The husband and wife can have great communication but are human beings and do not share all the same interests and it is impossible for the other to full fill all the others need for in depth intimate personal communication. And unless the female friend of the man is allowed to become close friends, real communication is limited, instead just the banal small talk of acquaintances.
What is a man to do? His social and conversational needs can not be met by just one woman. He loves his wife but feels unfulfilled. Married Men need close women friends! Don't you agree?
I know of no one that prohibits their spouse from having friends of the opposite gender. Maybe you simple need to improve your communication skills.
What is a man to do? His social and conversational needs can not be met by just one woman. He loves his wife but feels unfulfilled. Married Men need close women friends! Don't you agree?

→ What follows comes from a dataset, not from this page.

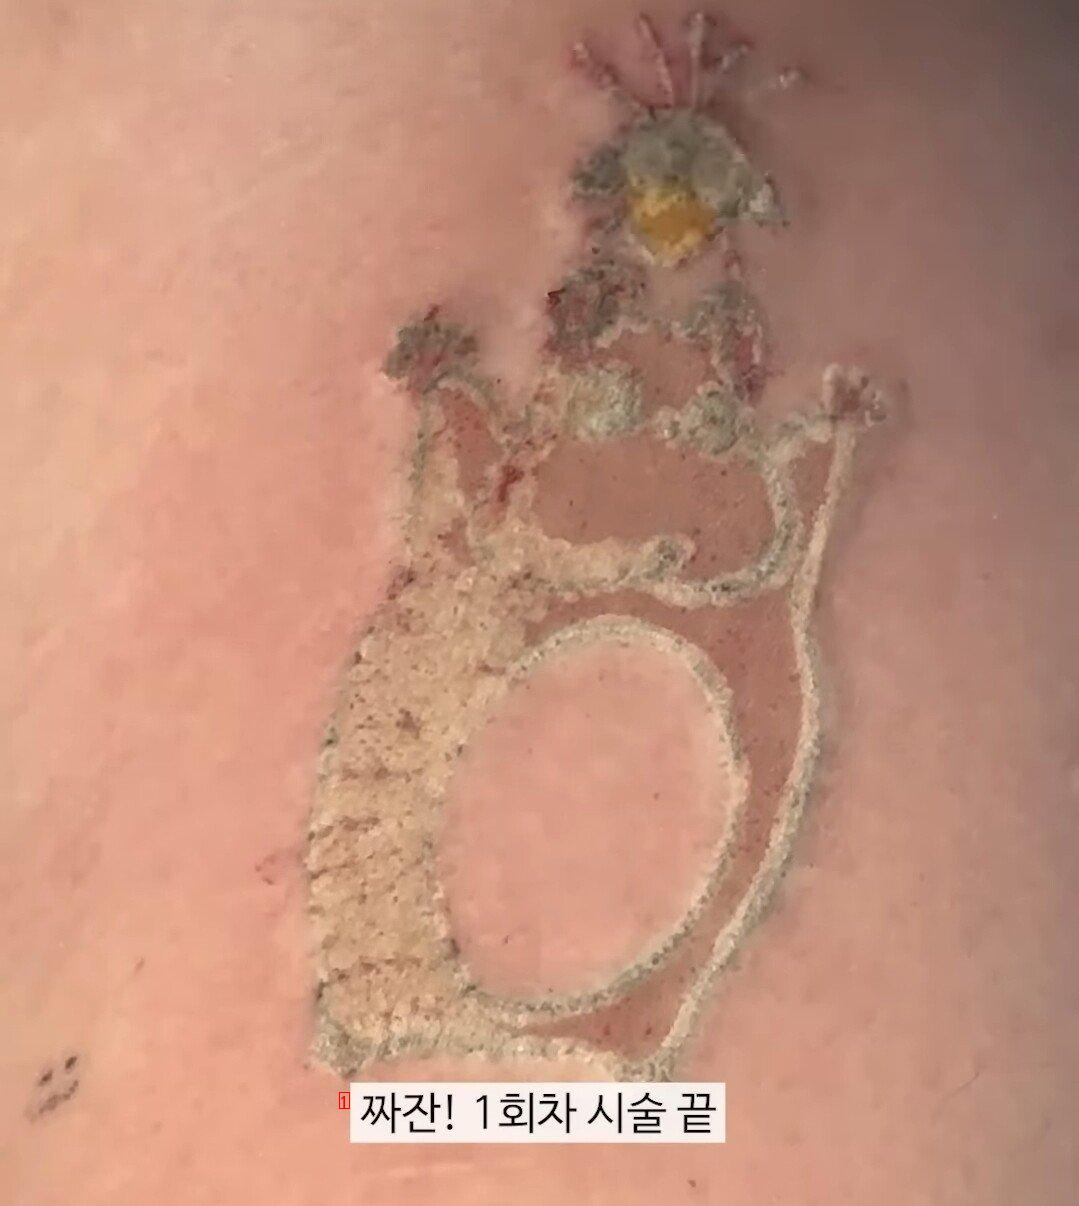 약혐) 귀여운 문신제거 시술하는 영상......GIF

A truly happy married guy has a close woman friend and that is his wife. My wife and I share everything, party together and there is nothing we can't discuss. She has her interests, I have mine and when we get together at the end of the day we have so much to discuss.
We also have our own friends (men & women) that we enjoy hanging with but there is no better friend then a great spouse. None of our other friends can we 100% share our thoughts and feelings.

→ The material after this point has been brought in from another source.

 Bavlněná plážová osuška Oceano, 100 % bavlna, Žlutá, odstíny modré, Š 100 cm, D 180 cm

Maybe we aren't your traditional couple because we are so close but IMO your concept of close friends is not accurate.
Maybe you are lacking and are not fulfilled, Are you projecting ?
I will admit when guys talk we can see things from a guy perspective which many times women do not completely understand.
If anyone wants to see an extreme opposite example, then Google former NBA player Doug Christie. Some of you may be in awe, others of you may find it suffocating.
I agree that a lot of male friends, especially those that consider themselves somewhat "tough" or "macho", are unlikely to have deep conversations about personal issues as many female friends tend to do. While I don't exactly cry on their shoulder, I do consider myself lucky to have childhood male buds that I can open up with if need be.
On the other hand, as a guy I think it's sometimes good to have another female perspective of things. (And a male perspective for a lady as well.)
Each person has their own life experience and is biased, albeit unintentionally, so it's nice to check in with someone who can understand both perspectives. Certainly everyone should meet each other so there's no "secret" acquaintances. One of my best friends is female and she and my lady have hung out many times.